Last updated: April 11, 2026

Security

Nonprofit Runway handles sensitive financial data on behalf of nonprofit organizations. We take that responsibility seriously. This page describes how we protect your data and how to report a vulnerability.

Technical controls

✓ Encryption in transit

All traffic is served over TLS 1.2+. HTTPS is enforced with HSTS (max-age 2 years) in production.

✓ Encryption at rest

Bank access tokens and API keys are encrypted with AES-256-GCM before being stored in the database.

✓ Password security

Passwords are hashed with bcrypt (cost factor 12). Plaintext passwords are never stored or logged.

✓ Account lockout

10 consecutive failed login attempts trigger a 30-minute lockout to prevent brute-force attacks.

✓ Rate limiting

Authentication endpoints are rate-limited to 10 attempts per 15 minutes per IP. API calls are limited to 200 per 15 minutes.

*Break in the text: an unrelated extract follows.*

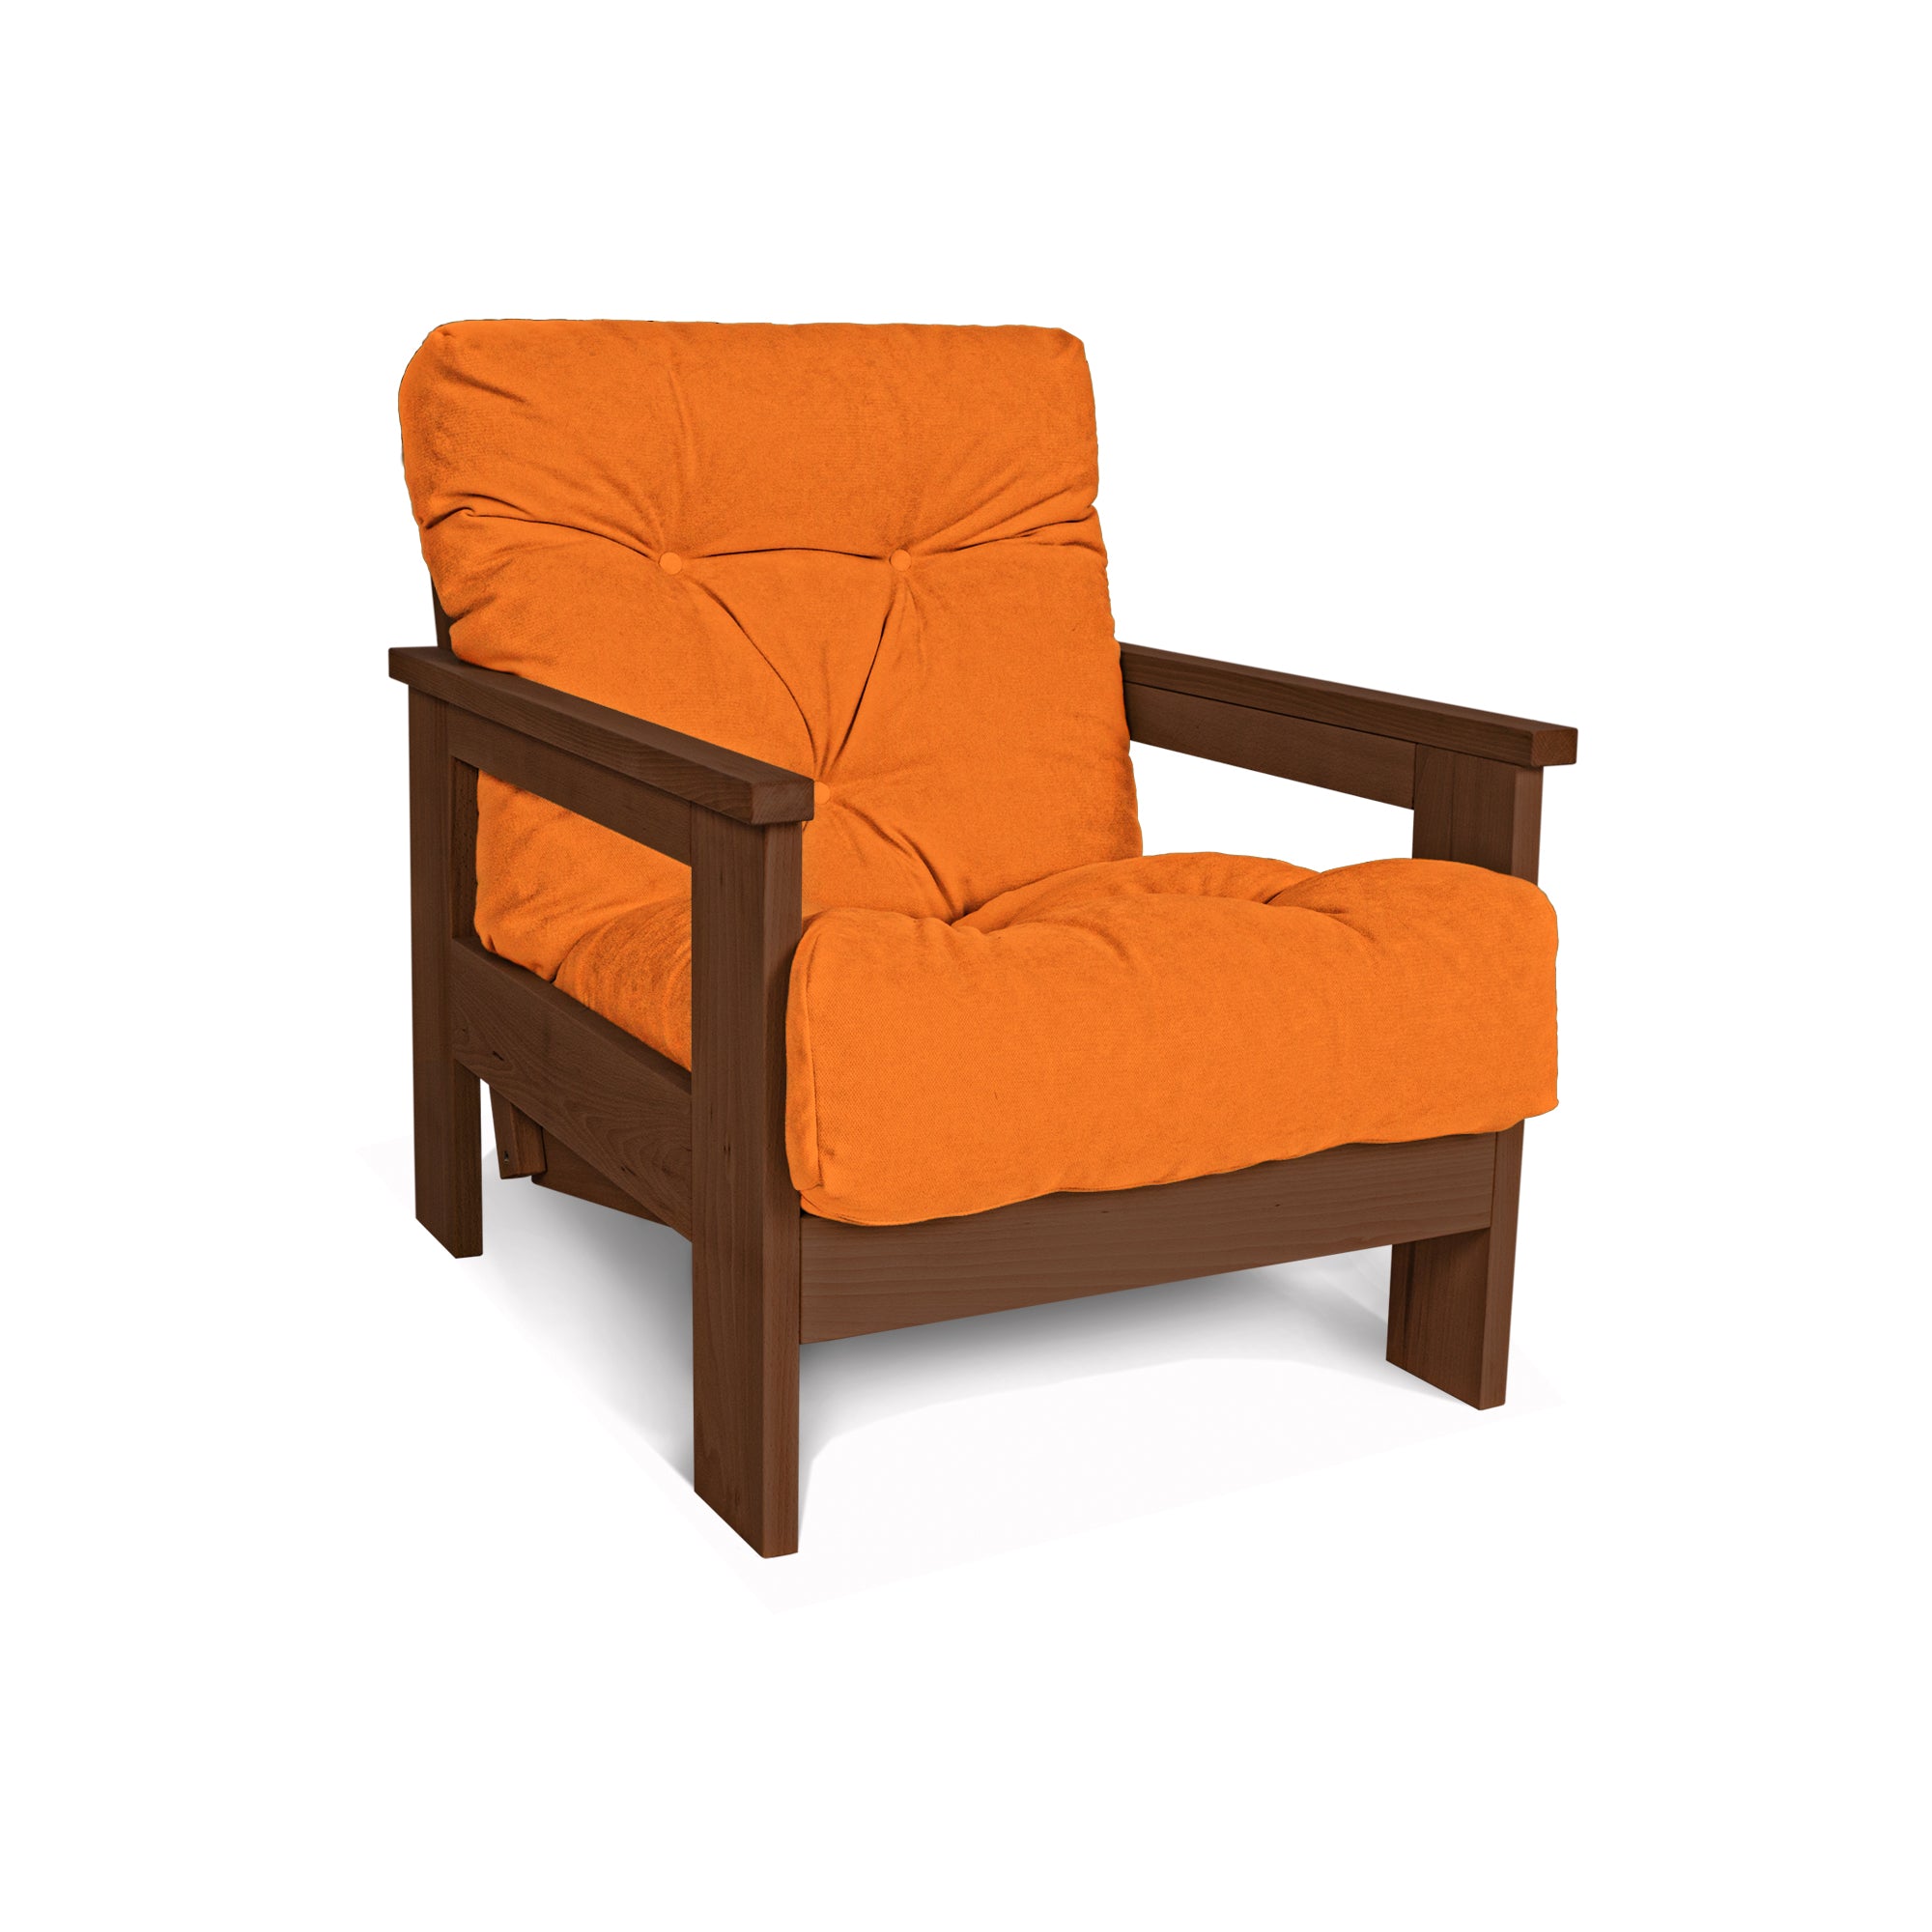 MEXICO Armchair, Beech Wood Frame, Walnut Colour-orange fabric

✓ Role-based access control

Three roles (member, admin, platform_admin) control access to sensitive operations. Every admin action is recorded in an immutable audit log.

✓ Session security

Authentication uses JWT tokens stored in HttpOnly, Secure, SameSite=Lax cookies. Tokens expire after 30 days.

✓ Geolocation monitoring

Logins from outside the United States are flagged in the audit log for security review.

Infrastructure

Nonprofit Runway is hosted on Render, a SOC 2 Type II certified cloud platform. All data is stored in the United States. Render provides DDoS protection, automatic TLS certificate management, and infrastructure-level security controls.

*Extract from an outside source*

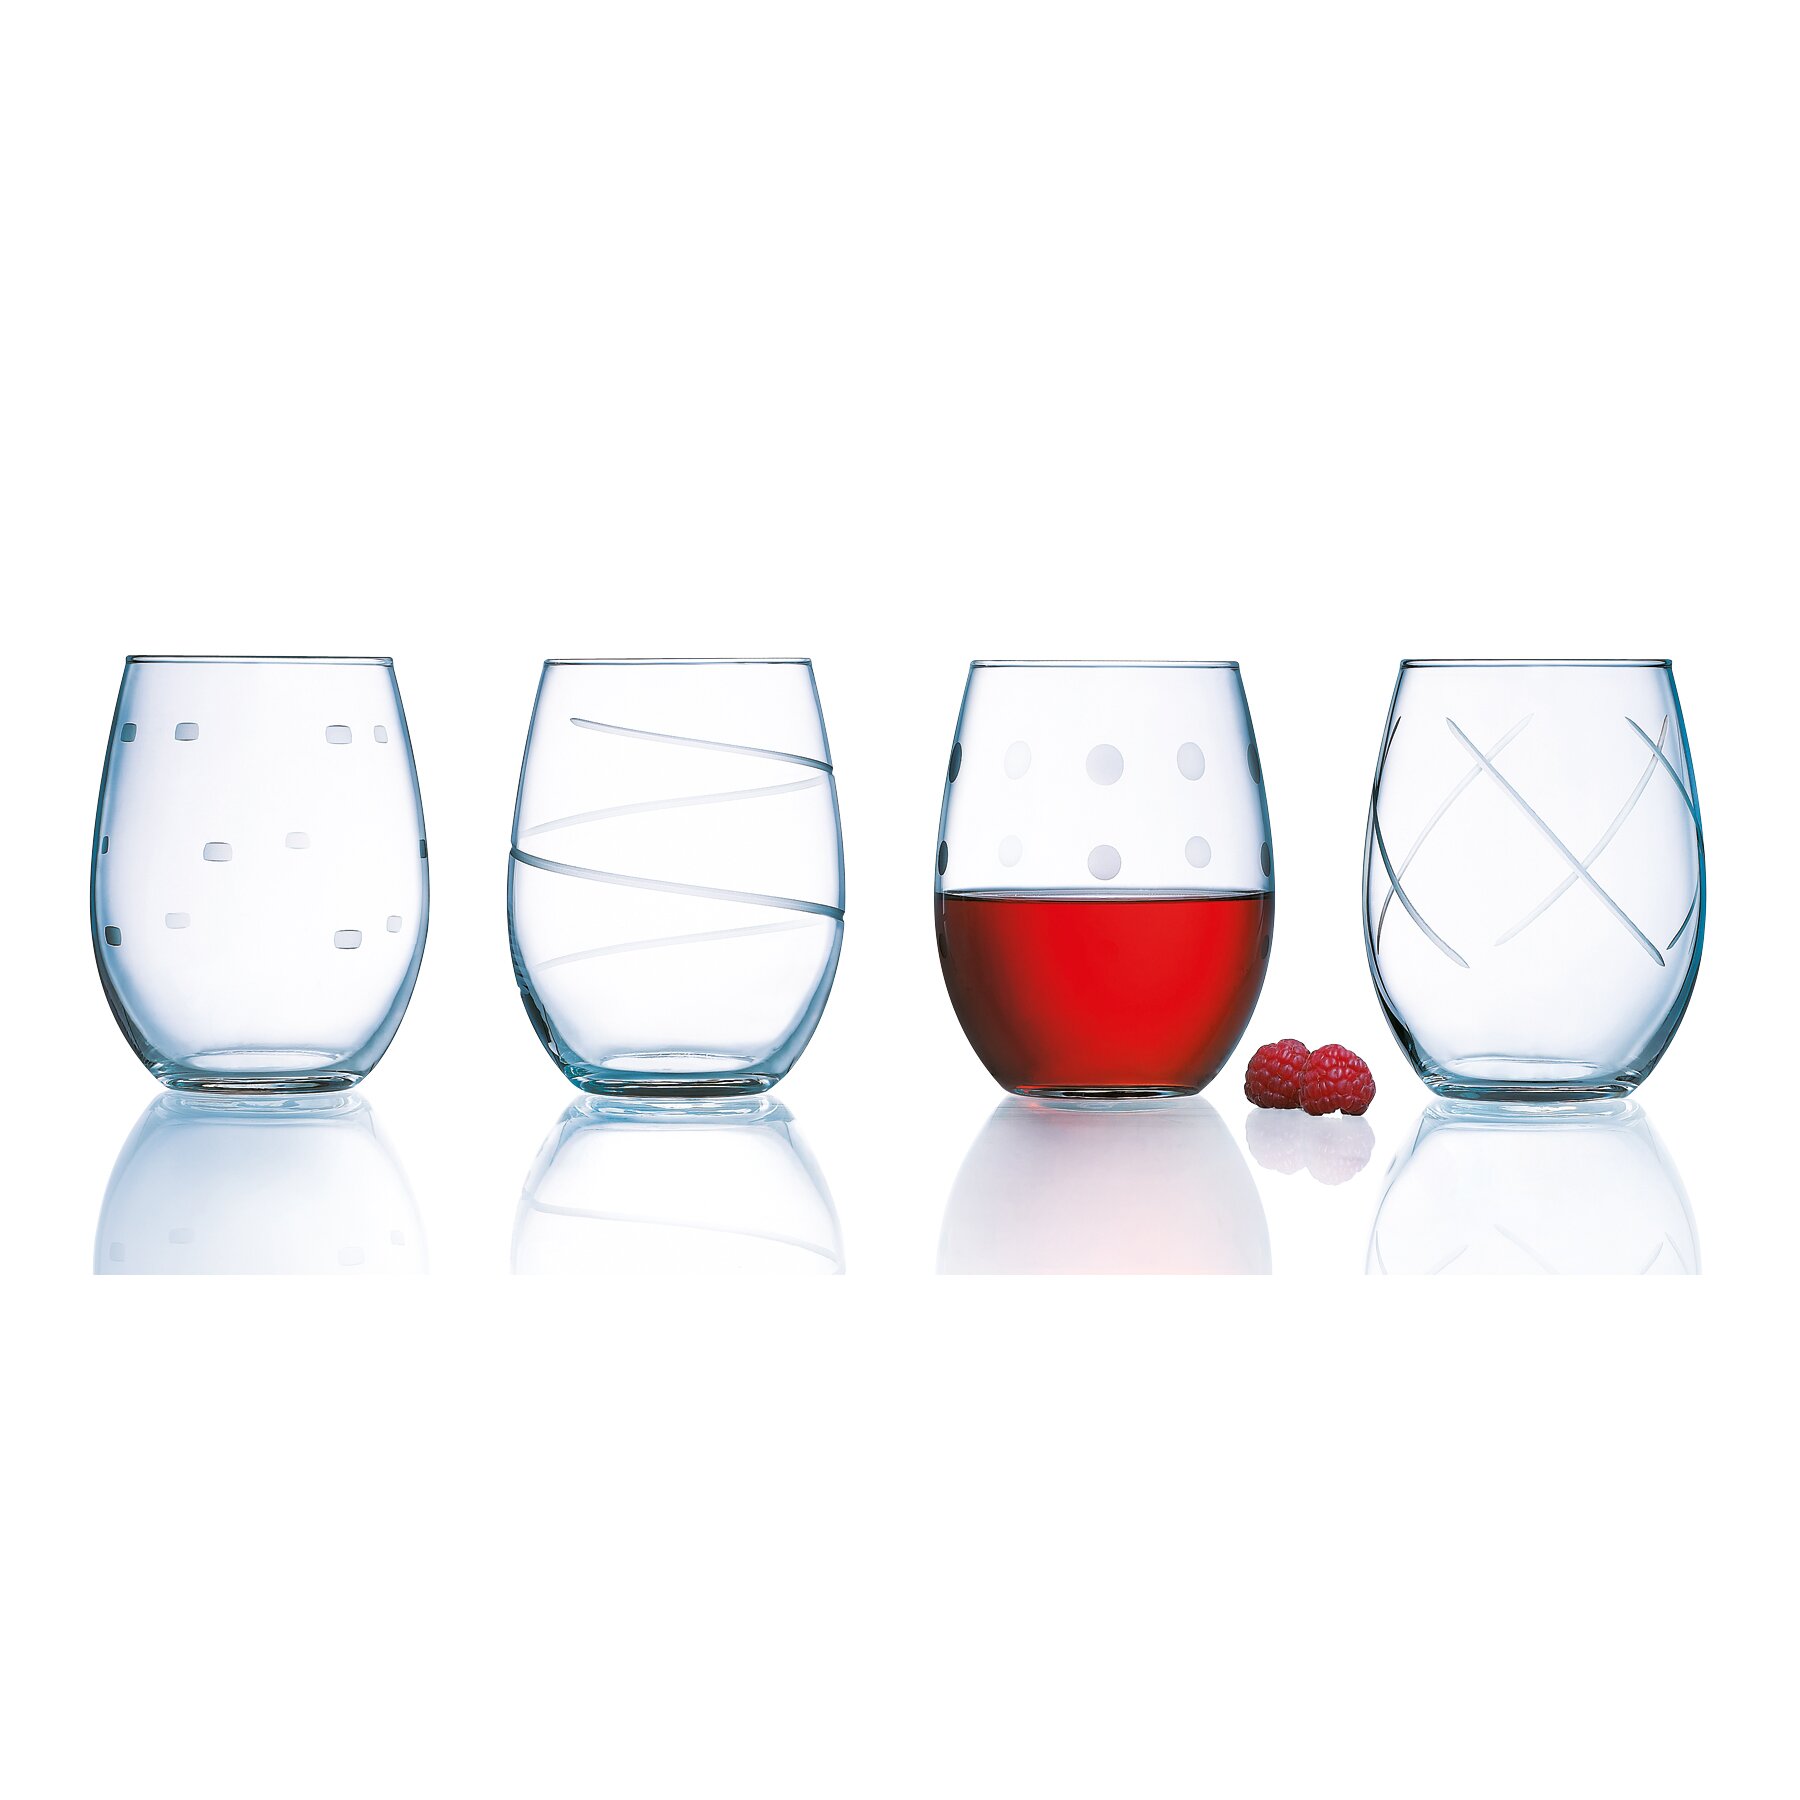 Luminarc Soho 21 Oz Stemless Wine Glass And Reviews Wayfair 0359

Our PostgreSQL database is a managed Render PostgreSQL instance with automated backups, point-in-time recovery, and network-level access restrictions.

Plaid integration

Bank connections use Plaid's Link interface, which handles your bank credentials directly. Nonprofit Runway never sees or stores your bank username or password. We receive only an encrypted access token from Plaid, which is re-encrypted with our own AES-256-GCM key before being stored.

We participate in Plaid's webhook notification system so that we are alerted if a bank connection is revoked or encounters an error, and we surface that status in your admin panel.

Responsible disclosure

Report a vulnerability

If you discover a security vulnerability in Nonprofit Runway, please report it responsibly by emailing security@nonprofitrunway.com.

Please include a description of the vulnerability, steps to reproduce, and the potential impact. We aim to respond within 24 hours and will keep you informed as we investigate and resolve the issue.

We ask that you do not publicly disclose the issue until we have had a reasonable opportunity to address it (typically 30 days). We do not currently offer a bug bounty program, but we deeply appreciate responsible disclosure.